A program that uses Marsyas to generate a PNG of an input audio file. The PNG can be either the waveform or the spectrogram of the audio file.
When generating a spectrogram, you can set both the window size and hop size that are used in calculating the FFT. The window size that you give is then used as the amount of data that the FFT is given, which means that the number of bins for the FFT will be half of the window size. Each bin of the FFT will be drawn in one pixel vertically, so if you use a window size of 512, the resulting PNG will be 256 pixels high.
The hop size for the spectrogram tells the program how much to overlap each FFT by. The width of the output PNG will thus depend on the length of the audio file and the hop size, with smaller hop sizes giving longer PNG images.
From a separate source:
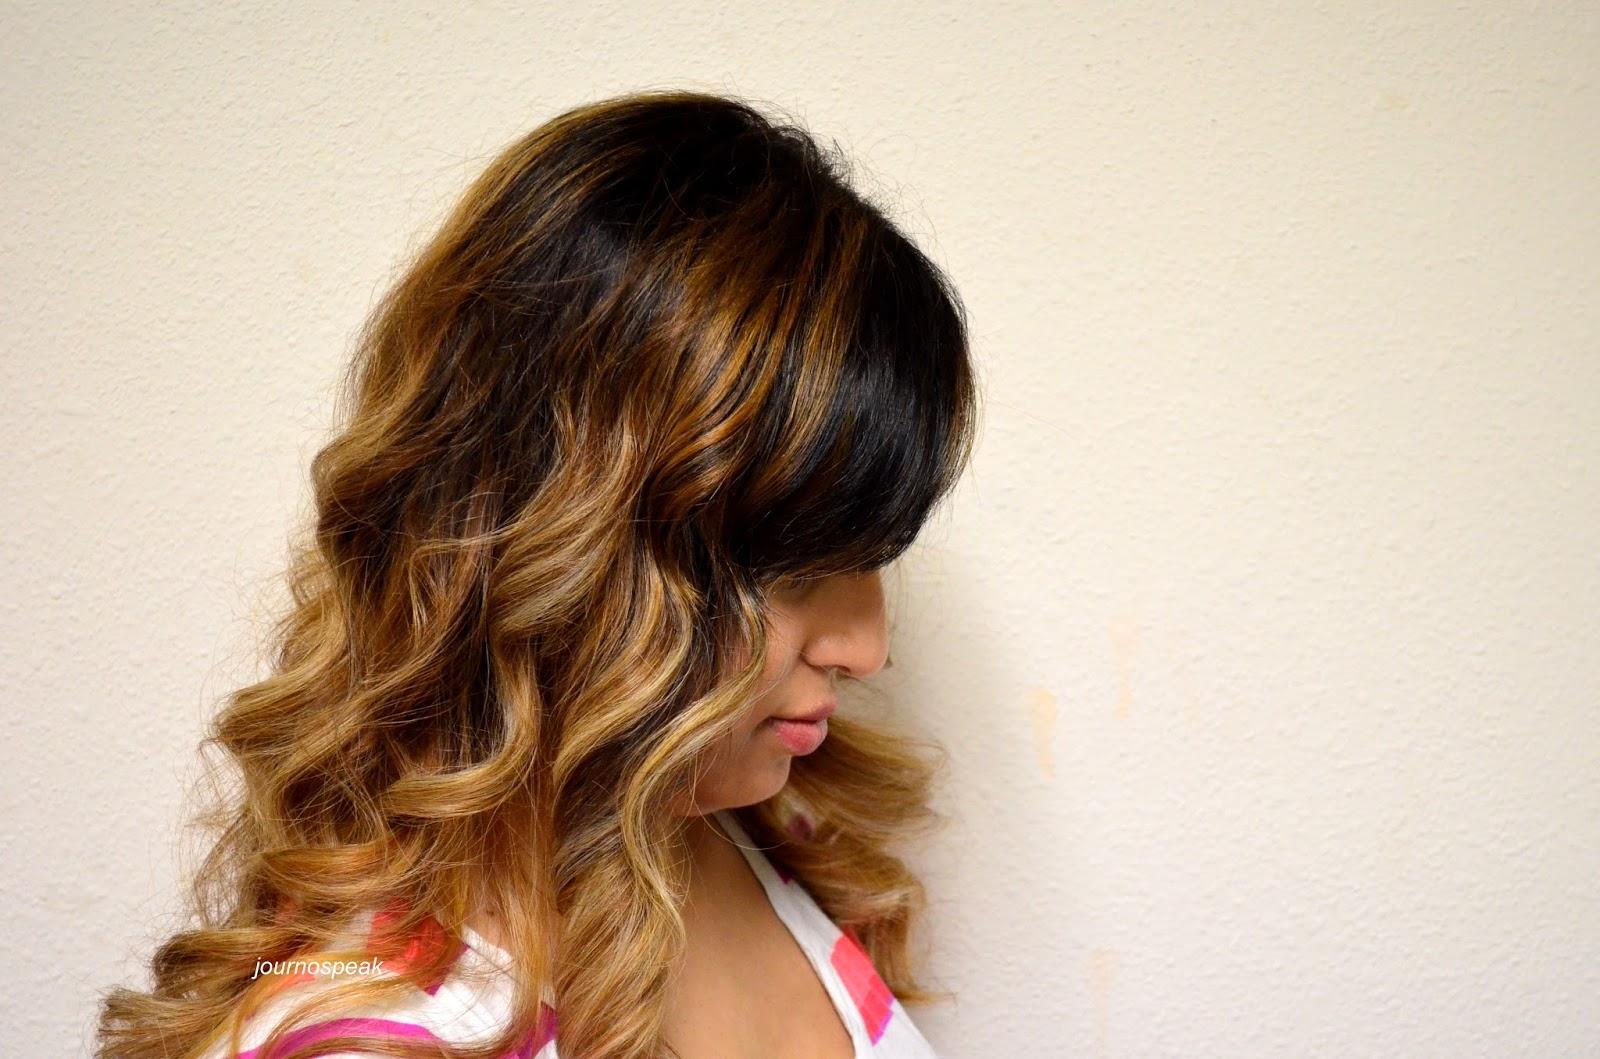 Golden Honey Balayage New Hair Color Journospeak
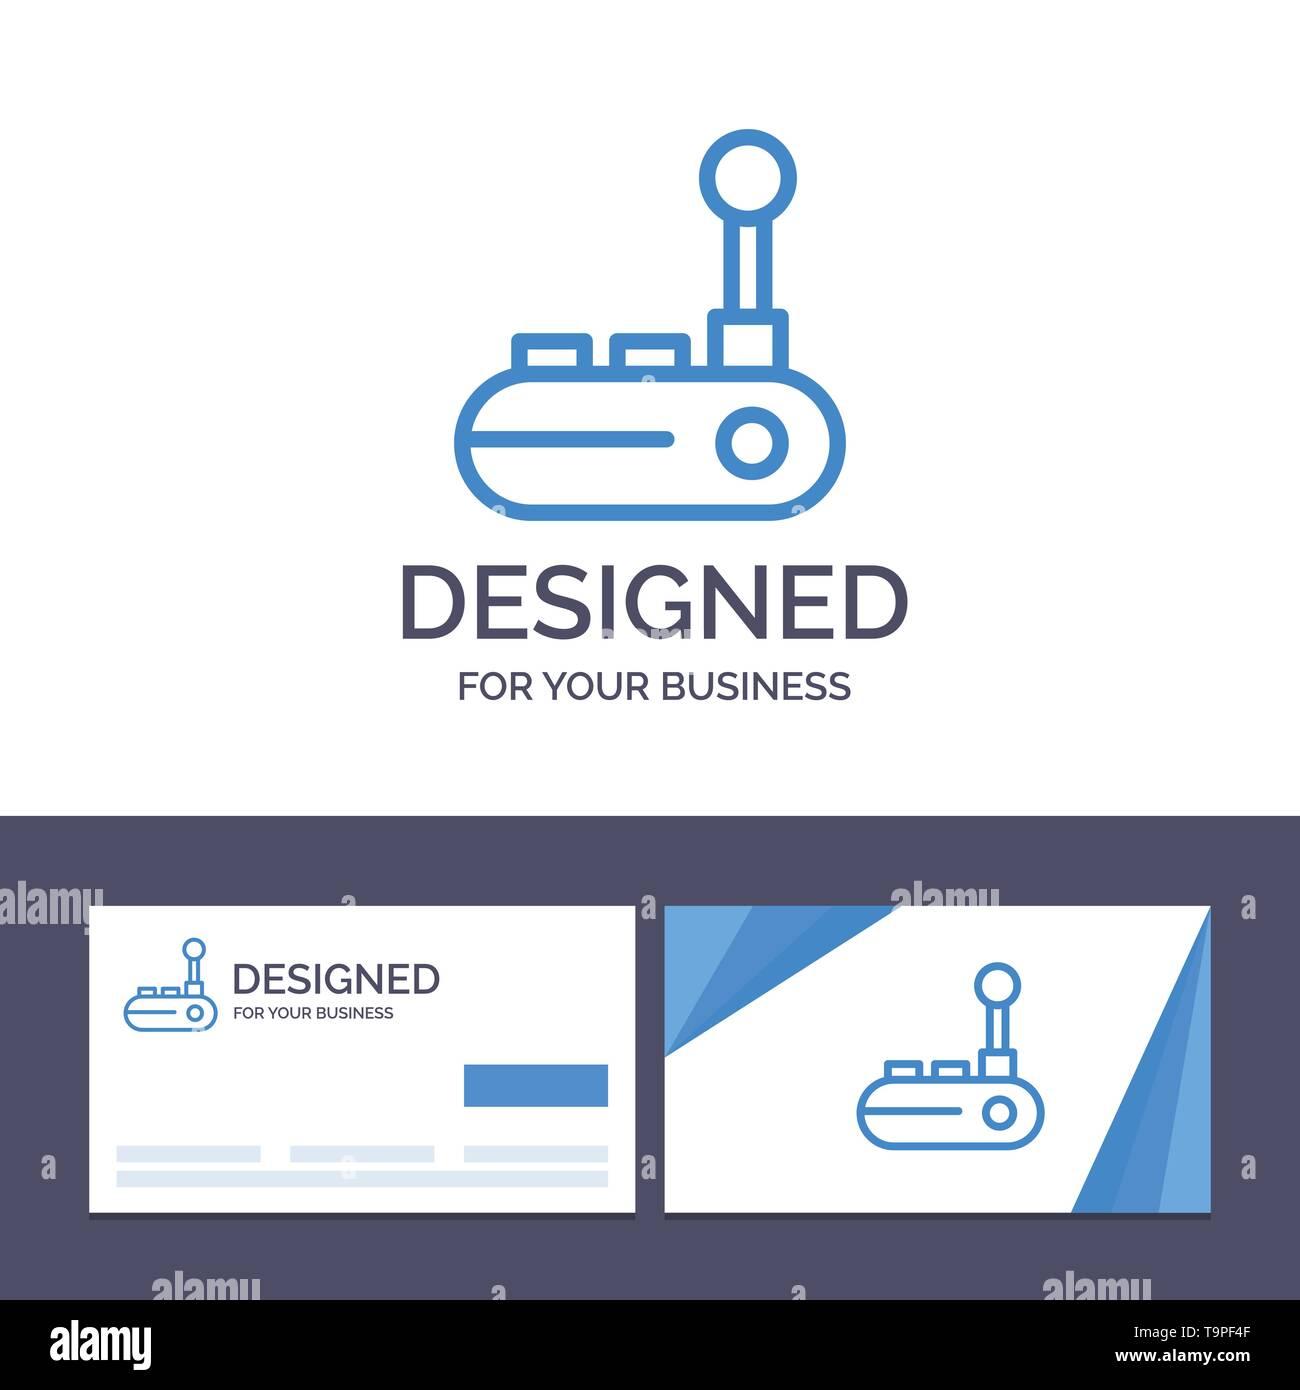 Creative Business Card and Logo template Controller, Joy Pad, Joy Stick, Joy pad Vector Illustration - Stock Image

Below is shown an example of using sound2png to generate a spectrogram of an orca call. We use a window size of 1024 and a hop size of 1024. The maximum frequency is set to 8000Hz. A gain of 1.5 is used to make the spectrogram darker:
sound2png -m spectrogram A30.wav -ws 1024 -hs 1024 -mf 8000 -g 1.5 out.png
You can also you sound2png to generate pictures of the waveform of an audio file. For this, you use the -w option. An example of this is shown below:
sound2png -m waveform tiny.wav -ws 1 out.png
When generating pictures of waveforms, you can specify a window size. sound2png takes a chunk of data that is window size samples in length and calculates the maximum and minimum of this window. It then draws a bar from the minimum to the maximum value for each window. An example of this is shown below:
sound2png -m waveform small.wav -ws 100 out.png